If I design a component that has properties which change fill colors and after I draw everything up in this format if people want me to change those colors…I’d have to redo my project.
EDIT:
I am looking into this right now because I can see that for my components, I’m using different layers that are fill painted to a specific color and then simply toggling their visability but… If I could bind their fill paint to a tag, I could make design changes to my projects in 1/10000000000th of the time.

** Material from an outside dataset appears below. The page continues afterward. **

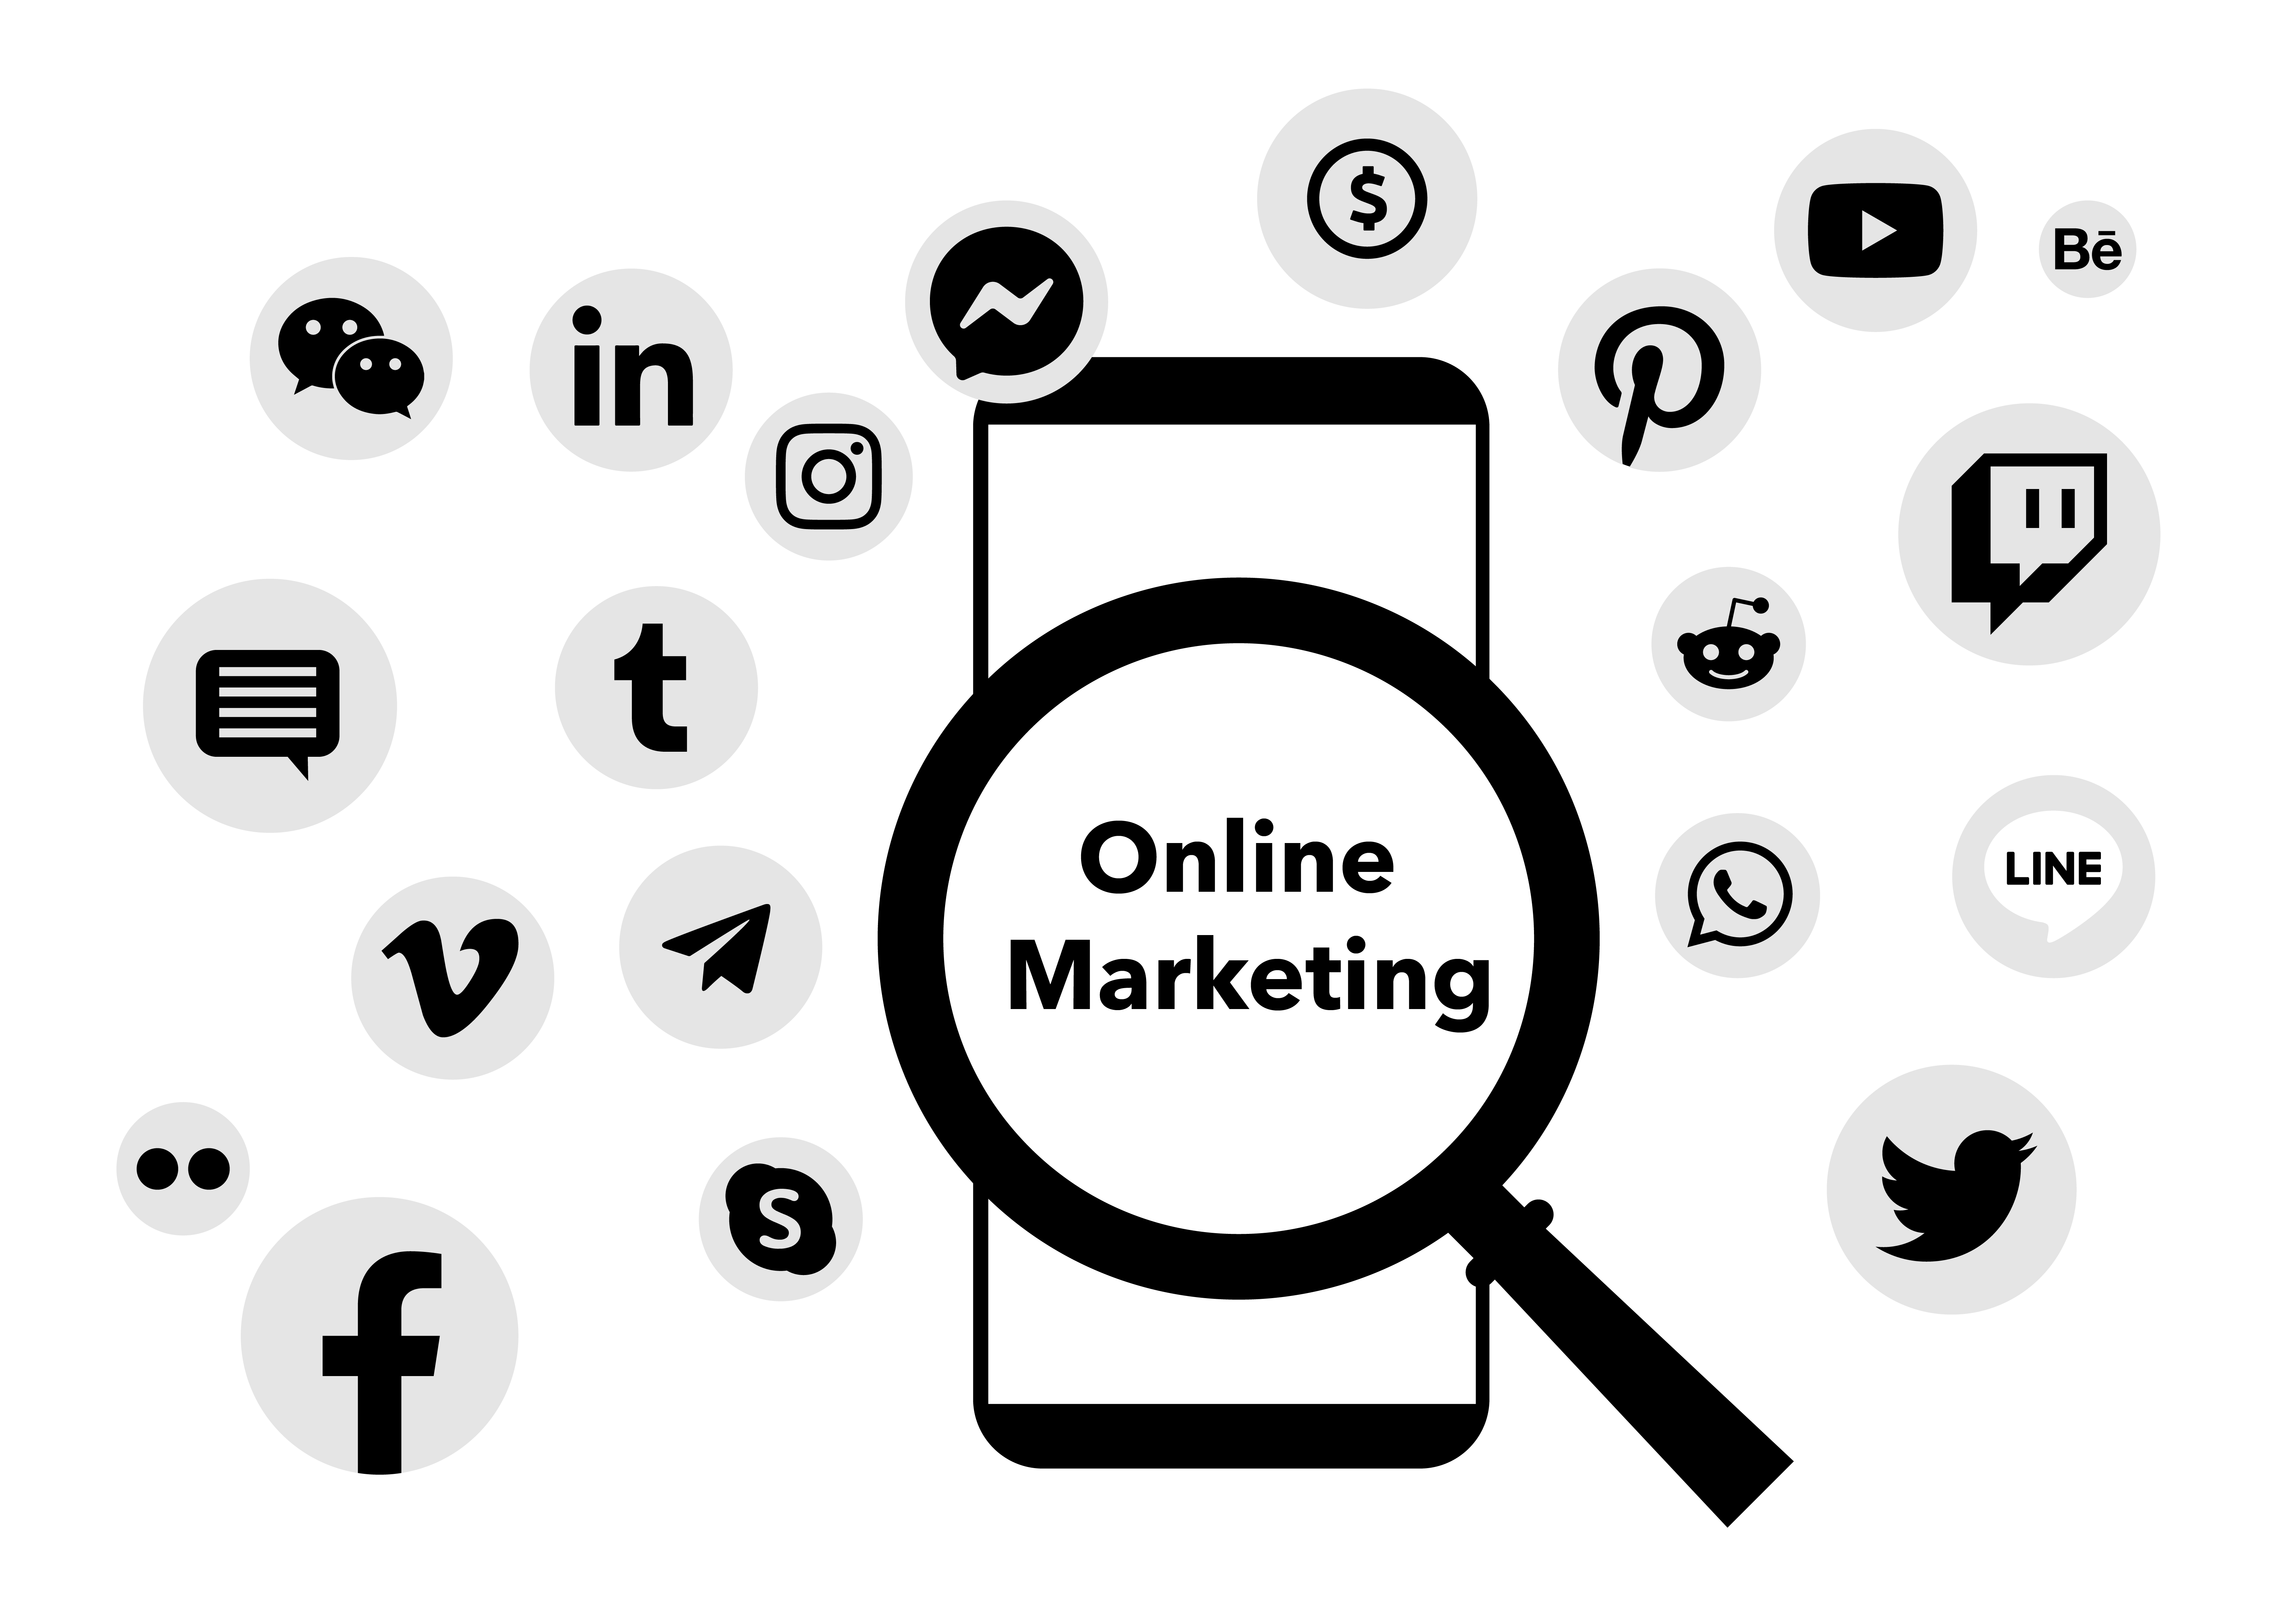 Online Marketing Agentur: Was zum Online Marketing dazu gehört

This seems to be taken care of with templates in version 7.4+. You can just change the colors in the templates and all of the instances of templates will reflect the change. You can add another layer of versatility, like michael.stofan has mentioned, by having the templates refer to a set of memory tags to get their color convention. So rather than having a template object hard-codded with RED for ON/OPEN and GREEN for OFF/CLOSED, use integer memory tags called “COLORS/ON_OPEN_COLOR” and “COLORS/OFF_CLOSED_COLOR” and have the template object reference those tags. That way you can use exactly the same template objects across projects with different color conventions.

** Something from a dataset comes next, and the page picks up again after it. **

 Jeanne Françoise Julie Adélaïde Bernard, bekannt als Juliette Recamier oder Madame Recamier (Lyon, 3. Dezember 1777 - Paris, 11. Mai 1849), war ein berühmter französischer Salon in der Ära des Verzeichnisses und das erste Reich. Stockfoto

“I’m using different layers that are fill painted to a specific color and then simply toggling their visability …”

Just my opinion, but I find visibility to be a troublesome method to animate most graphical objects. It’s often difficult to see, literally, the animation algorithm that is used when layered visibility animation is employed. It’s fine when you really want an object to appear on a true condition and vanish on a false condition. But placing 2 labels on top of each other, where one says “Running” and the other says “Stopped”, is better done with a single label component and an expression binding.

[quote=“jay”]This seems to be taken care of with templates in version 7.4+. You can just change the colors in the templates and all of the instances of templates will reflect the change. You can add another layer of versatility, like michael.stofan has mentioned, by having the templates refer to a set of memory tags to get their color convention. So rather than having a template object hard-codded with RED for ON/OPEN and GREEN for OFF/CLOSED, use integer memory tags called “COLORS/ON_OPEN_COLOR” and “COLORS/OFF_CLOSED_COLOR” and have the template object reference those tags. That way you can use exactly the same template objects across projects with different color conventions.
[/quote]

… thereby creating a color tag that you still need to use toColor() on. Templates are not the one-size-fits-all solution many people make them out to be. Tags directly describing an RGBA value or gradient would be another extremely useful tool we could put to good use.

[quote=“Greg.Buehler”]
… thereby creating a color tag that you still need to use toColor() on. Templates are not the one-size-fits-all solution many people make them out to be. Tags directly describing an RGBA value or gradient would be another extremely useful tool we could put to good use.[/quote]

I took a second look at this and discovered that I can store a hexidecimal color representation as a string in a memory tag and bind it to a fill property to accomplish what I wanted (almost)
I still would like to see an actual color tag though since color coding seems to always be changing once management reviews a project and probably even more later on.